Available data:
————
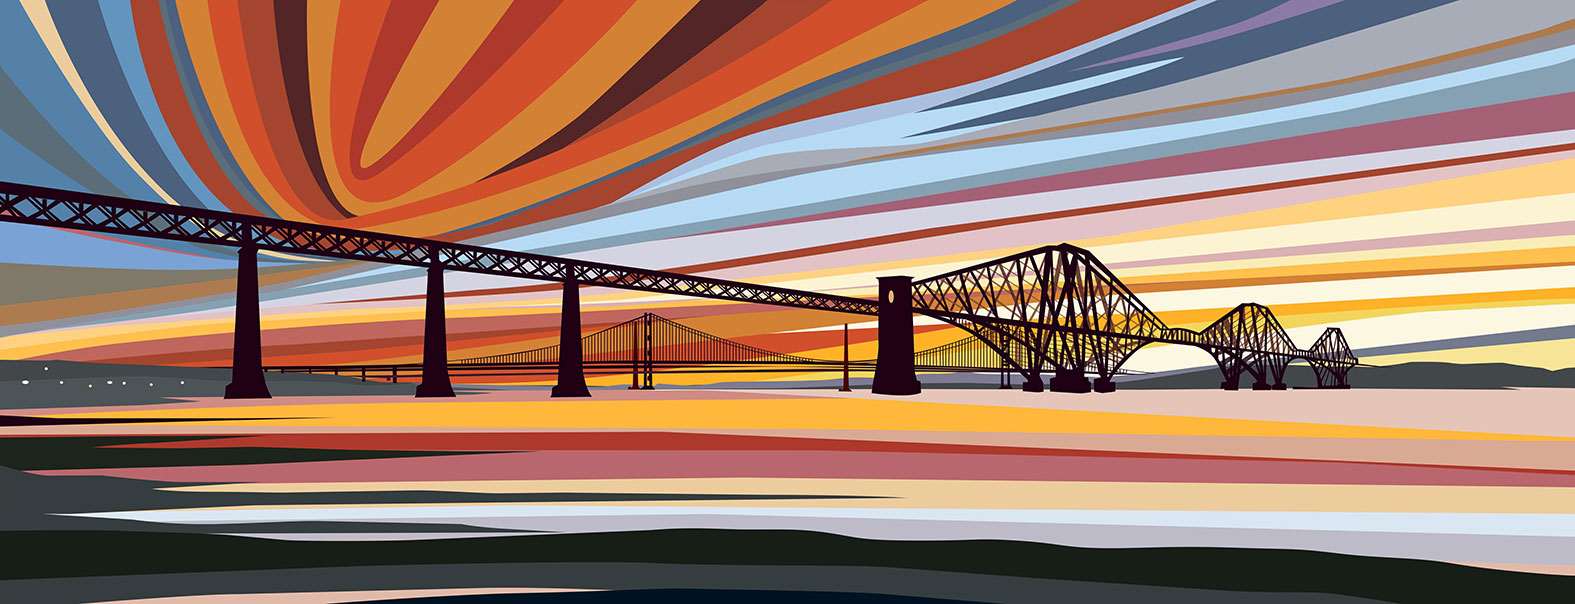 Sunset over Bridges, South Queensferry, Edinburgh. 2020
————
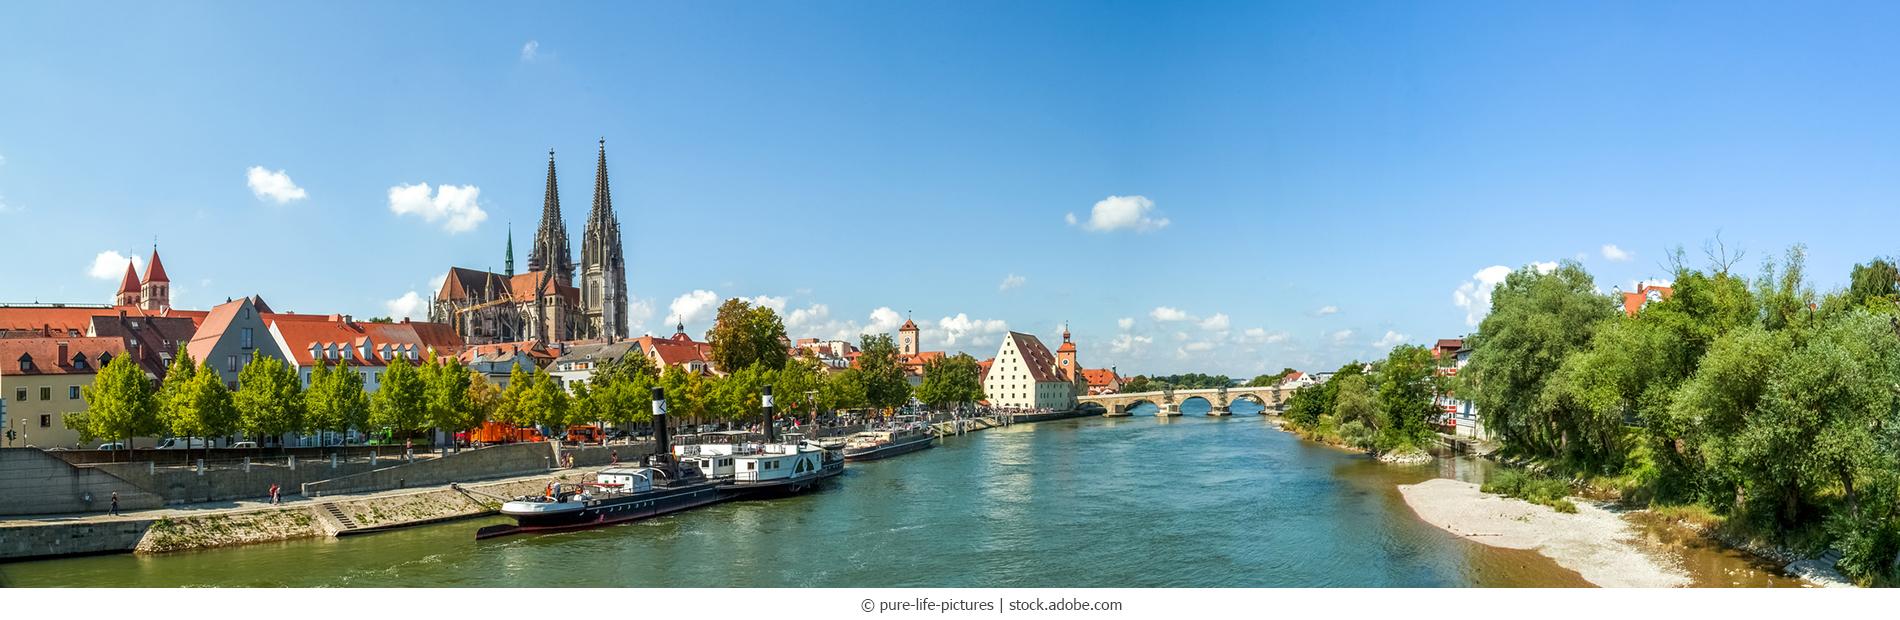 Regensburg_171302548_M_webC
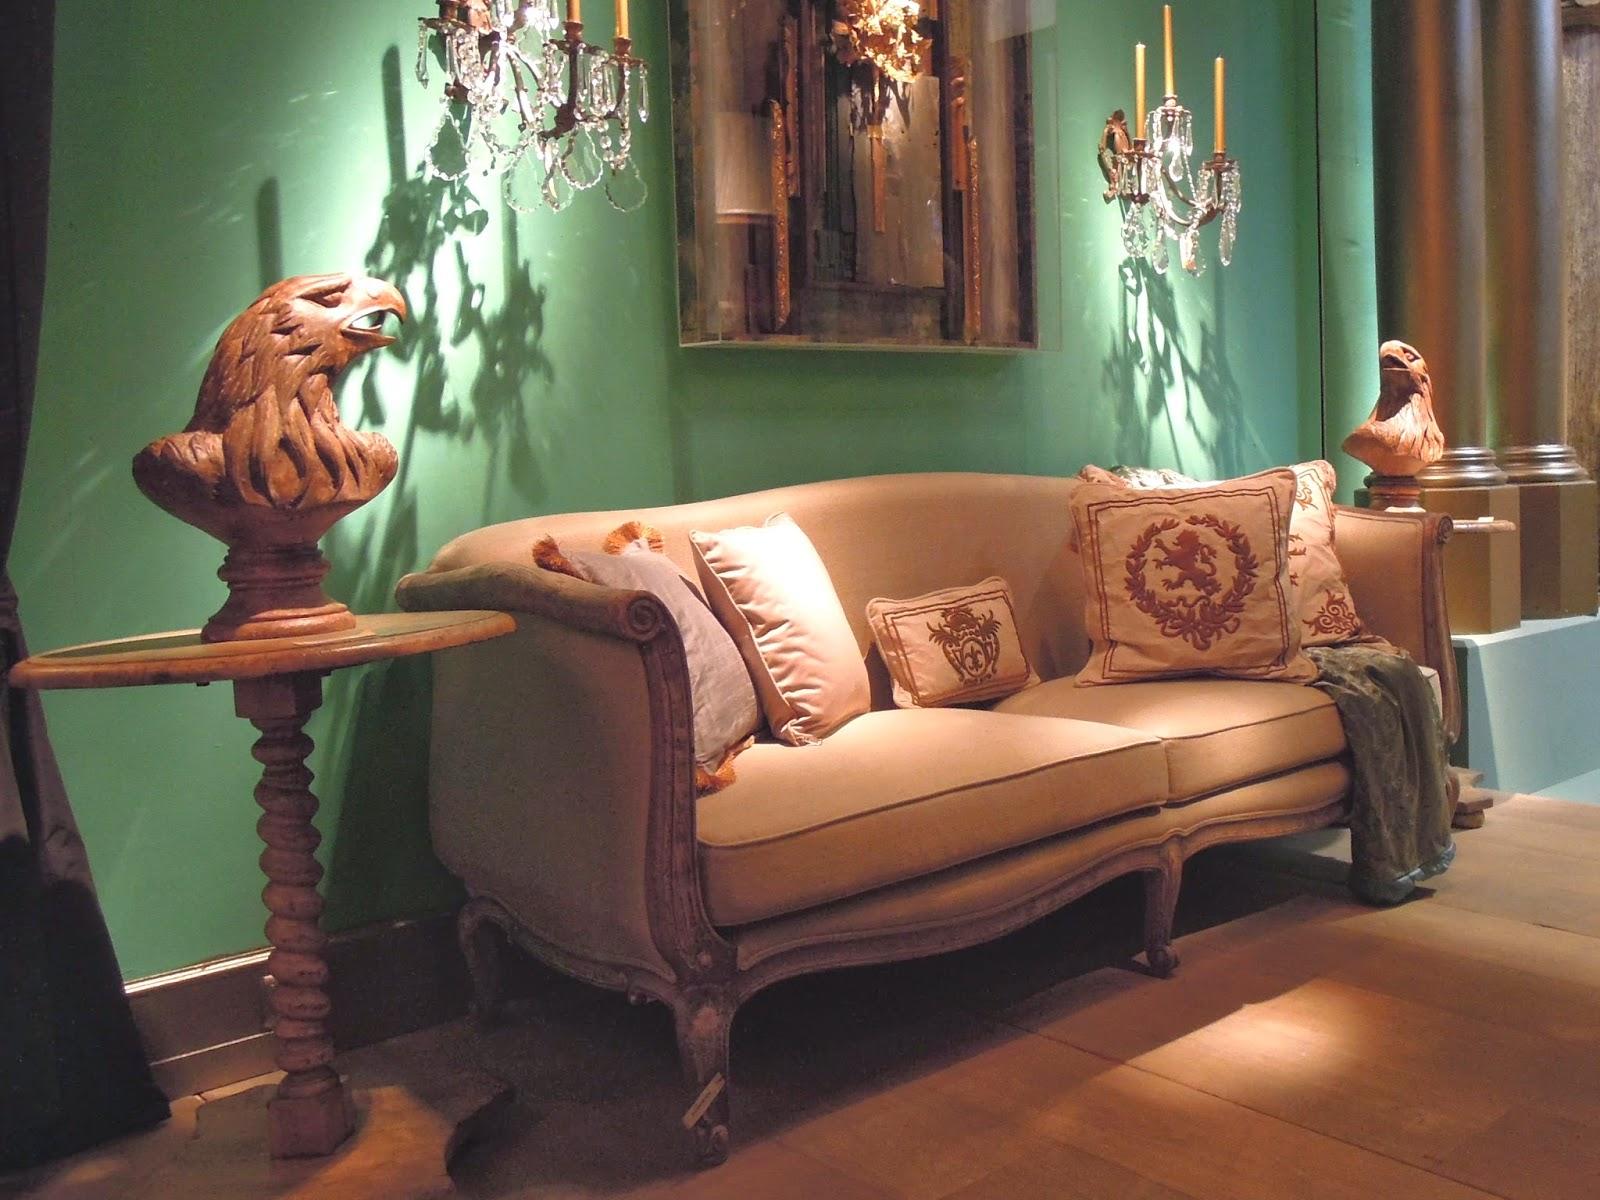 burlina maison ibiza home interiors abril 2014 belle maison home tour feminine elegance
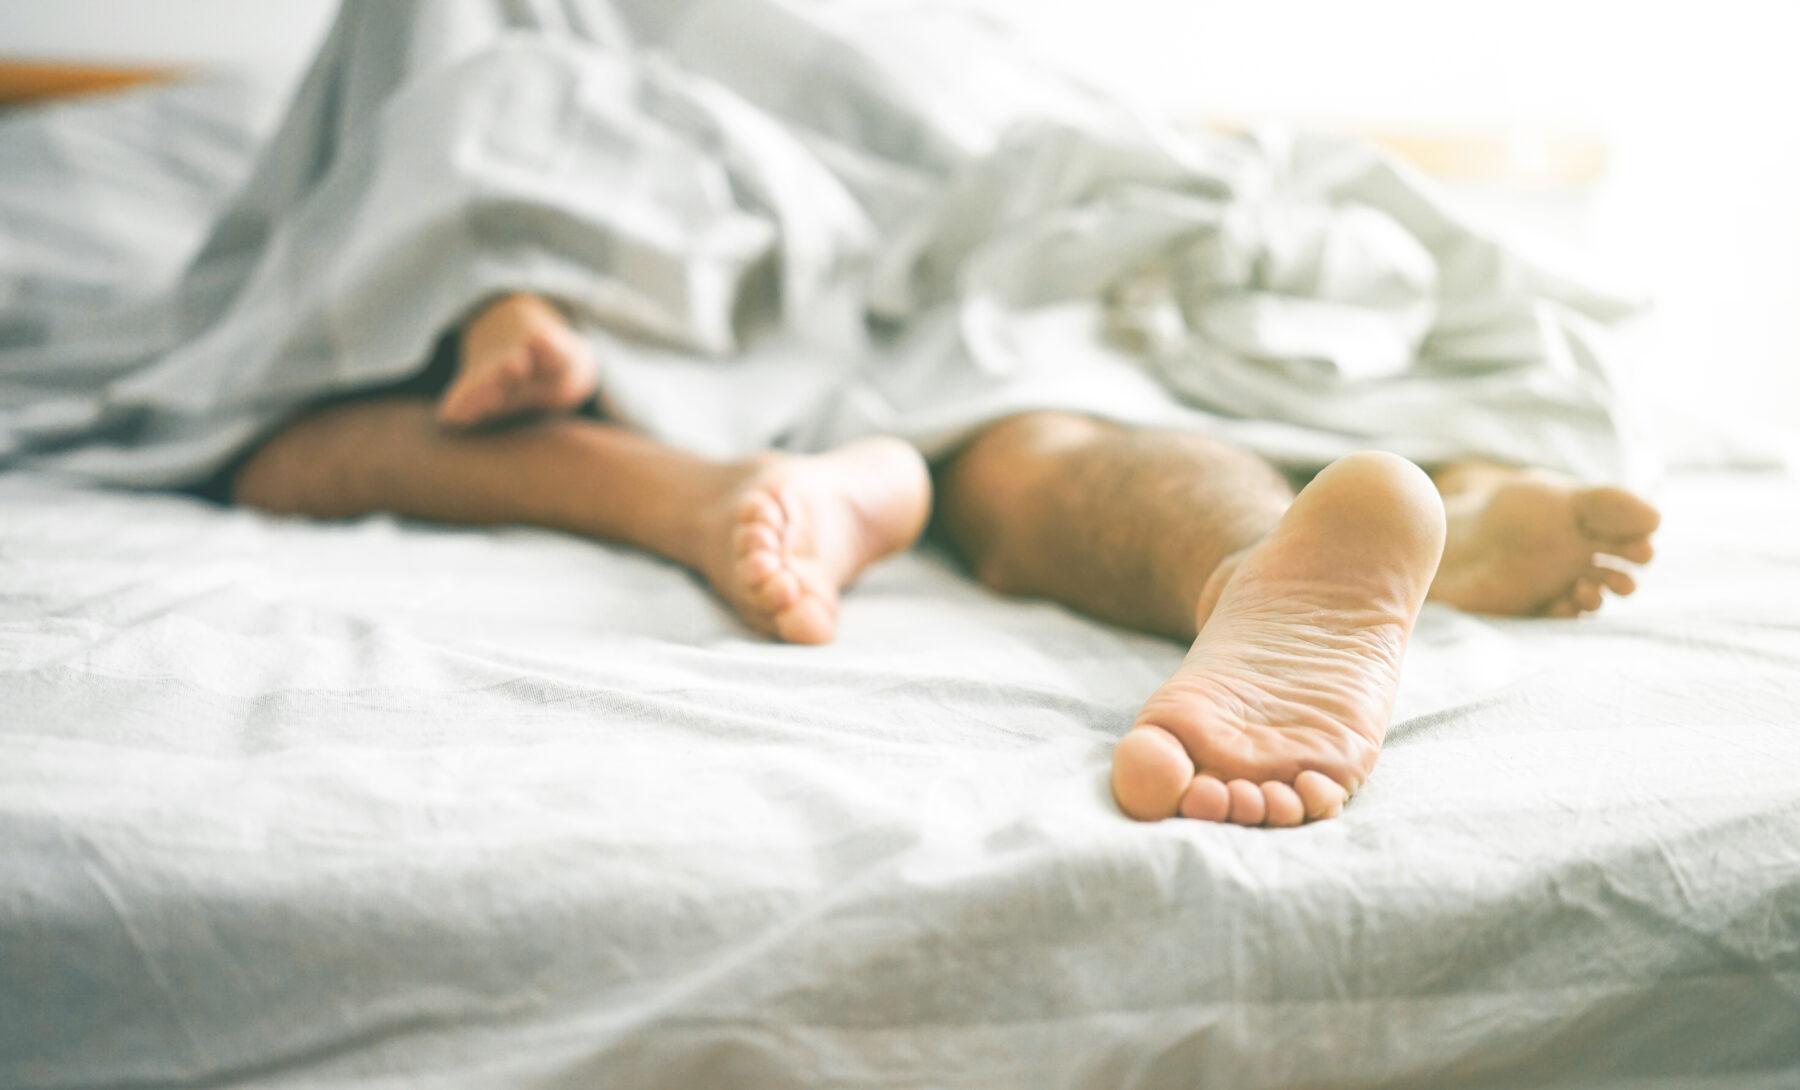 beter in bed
————
Your task: Within the listing above, extract exactly the lines that run from the one containing "burlina maison ibiza" through the one containing "beter in bed", excluding any pictures.

Output:
 burlina maison ibiza home interiors abril 2014 belle maison home tour feminine elegance
 beter in bed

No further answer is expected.